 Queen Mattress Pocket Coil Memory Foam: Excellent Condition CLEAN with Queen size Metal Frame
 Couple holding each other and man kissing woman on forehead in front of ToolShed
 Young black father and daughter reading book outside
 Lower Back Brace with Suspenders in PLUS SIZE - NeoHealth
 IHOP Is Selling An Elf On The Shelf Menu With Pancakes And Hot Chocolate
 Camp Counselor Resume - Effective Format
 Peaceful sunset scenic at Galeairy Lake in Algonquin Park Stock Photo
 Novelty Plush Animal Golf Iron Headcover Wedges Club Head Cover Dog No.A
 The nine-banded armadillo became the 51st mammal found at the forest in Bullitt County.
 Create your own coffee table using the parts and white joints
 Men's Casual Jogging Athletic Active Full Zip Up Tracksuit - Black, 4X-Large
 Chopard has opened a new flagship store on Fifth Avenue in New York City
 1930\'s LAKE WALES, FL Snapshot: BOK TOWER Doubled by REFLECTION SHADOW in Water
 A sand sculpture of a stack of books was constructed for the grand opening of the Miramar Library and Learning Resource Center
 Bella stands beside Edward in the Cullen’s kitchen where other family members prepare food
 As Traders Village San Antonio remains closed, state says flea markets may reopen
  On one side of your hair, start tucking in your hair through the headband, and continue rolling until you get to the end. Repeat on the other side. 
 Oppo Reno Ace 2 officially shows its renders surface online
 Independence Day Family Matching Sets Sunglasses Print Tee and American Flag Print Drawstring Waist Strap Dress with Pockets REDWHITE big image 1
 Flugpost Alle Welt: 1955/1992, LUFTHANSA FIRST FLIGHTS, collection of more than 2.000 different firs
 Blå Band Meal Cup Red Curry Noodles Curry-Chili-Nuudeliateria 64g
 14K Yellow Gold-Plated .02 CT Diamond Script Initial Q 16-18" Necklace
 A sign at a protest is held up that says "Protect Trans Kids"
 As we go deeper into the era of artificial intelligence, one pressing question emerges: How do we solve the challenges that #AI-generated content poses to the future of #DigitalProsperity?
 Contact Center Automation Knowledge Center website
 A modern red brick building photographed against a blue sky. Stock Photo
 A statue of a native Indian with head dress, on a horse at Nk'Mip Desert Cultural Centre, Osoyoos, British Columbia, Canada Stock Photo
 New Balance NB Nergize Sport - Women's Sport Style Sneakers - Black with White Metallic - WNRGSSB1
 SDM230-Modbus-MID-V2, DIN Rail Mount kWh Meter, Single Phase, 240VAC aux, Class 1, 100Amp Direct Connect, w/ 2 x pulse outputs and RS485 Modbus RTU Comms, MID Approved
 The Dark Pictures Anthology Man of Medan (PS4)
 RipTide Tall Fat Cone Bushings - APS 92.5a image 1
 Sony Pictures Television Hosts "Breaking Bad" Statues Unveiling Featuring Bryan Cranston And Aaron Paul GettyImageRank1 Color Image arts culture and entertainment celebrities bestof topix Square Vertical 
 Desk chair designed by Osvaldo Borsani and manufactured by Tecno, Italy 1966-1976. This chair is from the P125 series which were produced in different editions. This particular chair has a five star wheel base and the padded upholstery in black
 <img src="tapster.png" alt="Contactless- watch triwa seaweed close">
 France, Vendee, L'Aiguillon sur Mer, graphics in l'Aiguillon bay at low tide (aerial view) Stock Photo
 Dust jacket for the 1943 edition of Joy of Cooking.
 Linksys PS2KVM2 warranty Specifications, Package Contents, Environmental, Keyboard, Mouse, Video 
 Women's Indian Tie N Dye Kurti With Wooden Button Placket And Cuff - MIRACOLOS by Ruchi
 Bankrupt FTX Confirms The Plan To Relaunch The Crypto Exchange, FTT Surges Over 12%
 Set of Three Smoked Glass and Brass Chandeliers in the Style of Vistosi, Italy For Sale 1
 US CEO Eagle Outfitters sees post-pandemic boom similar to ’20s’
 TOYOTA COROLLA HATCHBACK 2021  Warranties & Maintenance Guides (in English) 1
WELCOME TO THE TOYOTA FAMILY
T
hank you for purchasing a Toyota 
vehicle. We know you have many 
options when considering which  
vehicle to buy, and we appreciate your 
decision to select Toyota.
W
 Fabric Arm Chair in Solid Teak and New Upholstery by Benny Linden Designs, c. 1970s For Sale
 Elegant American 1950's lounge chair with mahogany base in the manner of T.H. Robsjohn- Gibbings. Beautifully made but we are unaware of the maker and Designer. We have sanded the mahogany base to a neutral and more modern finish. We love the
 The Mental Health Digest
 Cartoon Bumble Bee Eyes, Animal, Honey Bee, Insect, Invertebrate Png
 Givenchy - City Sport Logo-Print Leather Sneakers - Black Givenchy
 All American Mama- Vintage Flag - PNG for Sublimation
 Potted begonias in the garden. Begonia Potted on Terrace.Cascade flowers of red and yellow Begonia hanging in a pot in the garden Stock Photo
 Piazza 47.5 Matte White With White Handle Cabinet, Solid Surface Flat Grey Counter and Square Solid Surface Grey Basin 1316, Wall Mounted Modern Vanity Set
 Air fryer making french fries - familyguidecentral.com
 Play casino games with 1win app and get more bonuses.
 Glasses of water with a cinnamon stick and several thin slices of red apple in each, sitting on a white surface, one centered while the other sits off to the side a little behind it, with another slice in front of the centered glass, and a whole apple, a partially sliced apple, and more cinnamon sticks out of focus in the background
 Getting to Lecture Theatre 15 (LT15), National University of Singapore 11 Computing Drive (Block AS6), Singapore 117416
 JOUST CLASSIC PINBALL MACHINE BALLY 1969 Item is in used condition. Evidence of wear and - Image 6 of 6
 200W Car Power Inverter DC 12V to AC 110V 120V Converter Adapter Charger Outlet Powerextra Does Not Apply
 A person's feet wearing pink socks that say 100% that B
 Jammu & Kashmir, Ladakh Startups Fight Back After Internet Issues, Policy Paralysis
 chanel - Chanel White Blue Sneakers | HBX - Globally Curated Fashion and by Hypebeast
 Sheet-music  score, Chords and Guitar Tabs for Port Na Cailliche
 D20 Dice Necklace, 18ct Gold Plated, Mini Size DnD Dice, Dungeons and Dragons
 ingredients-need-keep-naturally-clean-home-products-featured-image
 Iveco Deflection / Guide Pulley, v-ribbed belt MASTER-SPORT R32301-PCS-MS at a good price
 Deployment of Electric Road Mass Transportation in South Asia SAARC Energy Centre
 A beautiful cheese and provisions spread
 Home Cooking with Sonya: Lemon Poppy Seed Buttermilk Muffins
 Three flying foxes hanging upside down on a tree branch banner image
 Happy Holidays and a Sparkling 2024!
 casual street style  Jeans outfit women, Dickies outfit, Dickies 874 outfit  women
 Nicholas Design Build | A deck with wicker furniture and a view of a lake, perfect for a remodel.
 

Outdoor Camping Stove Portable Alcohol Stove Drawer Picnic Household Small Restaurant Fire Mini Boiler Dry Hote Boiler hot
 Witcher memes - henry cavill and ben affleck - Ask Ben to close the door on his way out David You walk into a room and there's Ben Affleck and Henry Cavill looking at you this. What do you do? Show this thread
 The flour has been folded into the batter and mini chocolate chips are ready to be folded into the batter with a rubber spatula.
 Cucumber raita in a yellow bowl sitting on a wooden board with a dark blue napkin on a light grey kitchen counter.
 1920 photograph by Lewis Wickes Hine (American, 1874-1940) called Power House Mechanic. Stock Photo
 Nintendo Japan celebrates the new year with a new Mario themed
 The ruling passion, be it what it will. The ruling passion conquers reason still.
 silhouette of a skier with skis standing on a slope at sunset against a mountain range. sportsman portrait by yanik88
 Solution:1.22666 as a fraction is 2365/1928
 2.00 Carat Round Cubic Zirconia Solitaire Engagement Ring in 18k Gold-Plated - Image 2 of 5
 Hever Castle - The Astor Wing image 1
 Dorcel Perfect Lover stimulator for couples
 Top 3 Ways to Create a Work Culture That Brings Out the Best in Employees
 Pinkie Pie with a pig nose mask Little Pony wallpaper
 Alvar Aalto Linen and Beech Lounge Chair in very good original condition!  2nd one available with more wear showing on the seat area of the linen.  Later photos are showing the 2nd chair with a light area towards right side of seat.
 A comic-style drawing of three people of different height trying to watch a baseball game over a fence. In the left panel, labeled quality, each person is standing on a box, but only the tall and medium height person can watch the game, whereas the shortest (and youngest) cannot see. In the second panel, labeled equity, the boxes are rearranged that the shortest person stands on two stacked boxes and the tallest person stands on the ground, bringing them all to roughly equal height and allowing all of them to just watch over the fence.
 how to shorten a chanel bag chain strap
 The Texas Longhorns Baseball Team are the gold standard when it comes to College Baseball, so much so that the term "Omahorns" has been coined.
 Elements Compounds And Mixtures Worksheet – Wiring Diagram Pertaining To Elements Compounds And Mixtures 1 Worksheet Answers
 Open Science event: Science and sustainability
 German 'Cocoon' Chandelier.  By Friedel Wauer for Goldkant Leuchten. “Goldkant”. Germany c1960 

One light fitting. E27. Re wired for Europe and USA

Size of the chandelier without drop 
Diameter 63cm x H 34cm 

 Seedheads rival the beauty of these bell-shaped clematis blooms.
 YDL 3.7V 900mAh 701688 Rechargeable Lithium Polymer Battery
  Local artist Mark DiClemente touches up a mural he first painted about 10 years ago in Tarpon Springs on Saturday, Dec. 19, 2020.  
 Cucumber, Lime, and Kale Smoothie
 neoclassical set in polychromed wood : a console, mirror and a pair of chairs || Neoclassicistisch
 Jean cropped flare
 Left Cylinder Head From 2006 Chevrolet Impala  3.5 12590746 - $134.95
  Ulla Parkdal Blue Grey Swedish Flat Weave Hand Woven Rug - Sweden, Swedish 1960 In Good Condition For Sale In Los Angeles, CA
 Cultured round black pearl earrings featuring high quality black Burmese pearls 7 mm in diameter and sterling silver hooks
++++
### Task brief
For this task, write out exactly the lines of the entries above, starting at the line with "Nicholas Design Build" and ending at the line with "Outdoor Camping Stove", both included, and no others.

### Completed exercise
 Nicholas Design Build | A deck with wicker furniture and a view of a lake, perfect for a remodel.
 

Outdoor Camping Stove Portable Alcohol Stove Drawer Picnic Household Small Restaurant Fire Mini Boiler Dry Hote Boiler hot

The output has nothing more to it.